Researchers hope to do at least 25 interviews and collect archival materials on how the braceros contributed to life in the state. They want to collect period hand tools, clothing, photographs, identification cards, letters and other documents.
The work will become part of the Bracero History Archive, a project of the Center for History and New Media, George Mason University, the Smithsonian National Museum of American History, Brown University, and the Institute of Oral History at the University of Texas at El Paso.
Few, if any, former braceros still live in the Mississippi River Delta in Arkansas. ASU researchers hope to talk to former tenant farmers who hired the workers and to other laborers who worked alongside the Mexicans. They also plan to talk to merchants, business people, doctors, and others who provided services to them. Most of the interviews will be conducted in September.
In 1942, the United States and Mexico entered agreements to address the U.S. wartime labor shortage and allow Mexicans to work in the country legally as temporary, contracted labor, mostly in farming.
More than four million Mexican men entered the United States, initially in California and Texas. Eventually, the program reached the Mississippi River Delta. At its peak, the program provided a quarter of the cotton labor in the delta region in Arkansas. The number of braceros declined as mechanized cotton picking replaced workers in the 1960s.
ASU was chosen for the project partly because of its “Arkansas Delta in Transition” archive that includes oral histories related to the bracero program.

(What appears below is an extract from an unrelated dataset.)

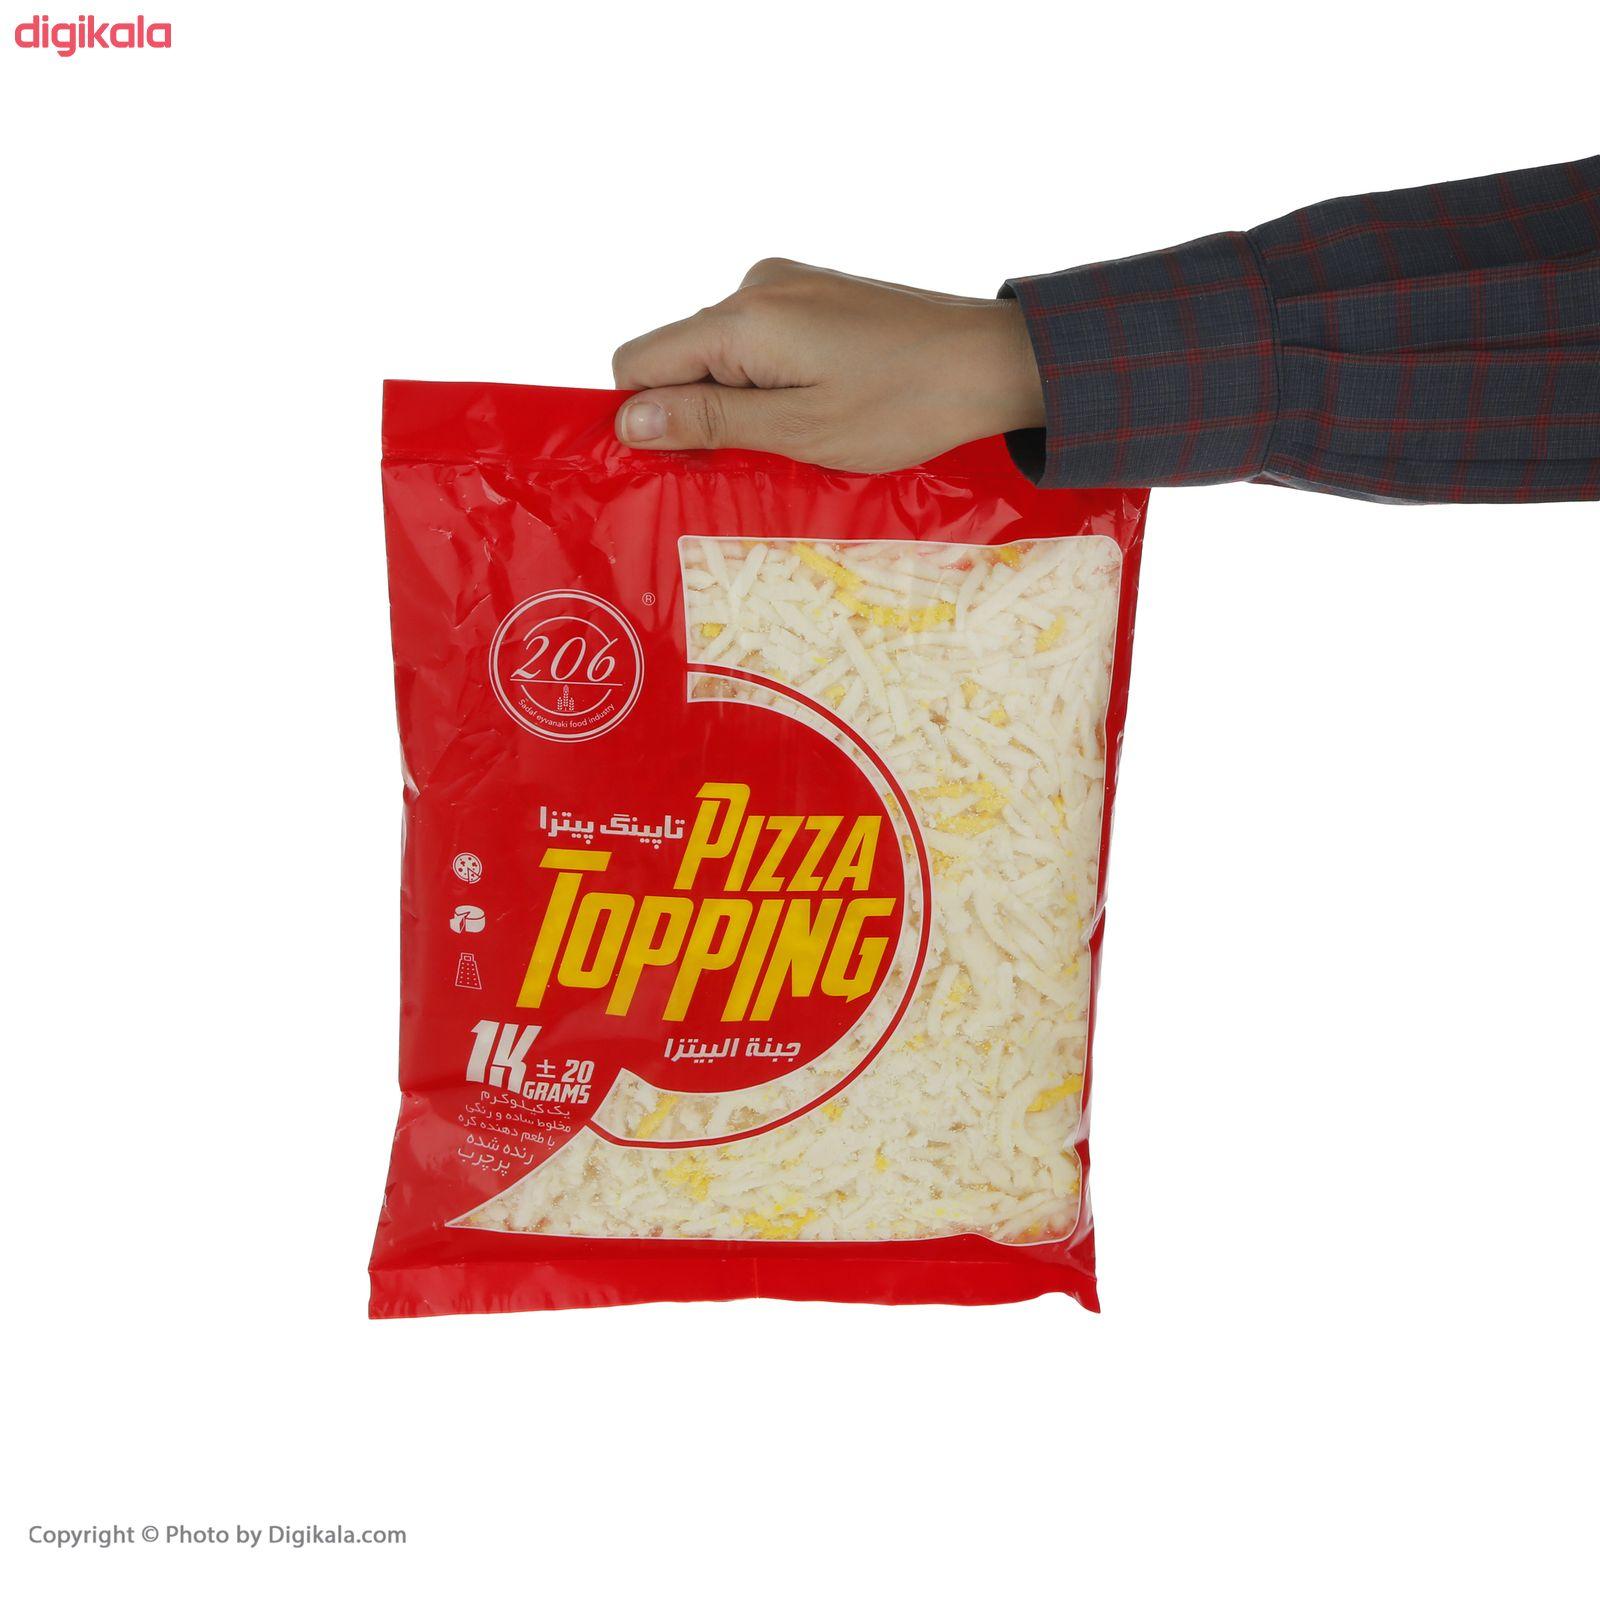 پنیر پیتزا رنده شده 206 - 1 کیلوگرم main 1 3

“These interviews sparked our interest in documenting the agricultural labor arrangements employed during the transition from sharecropping and tenant farming to the development of the mechanized and scientific agriculture that we see around us today,”’ Banta says.
For more information, log on to http://braceroarchive.org
According information on the website, it eventually will include sound files and interview transcripts from the project.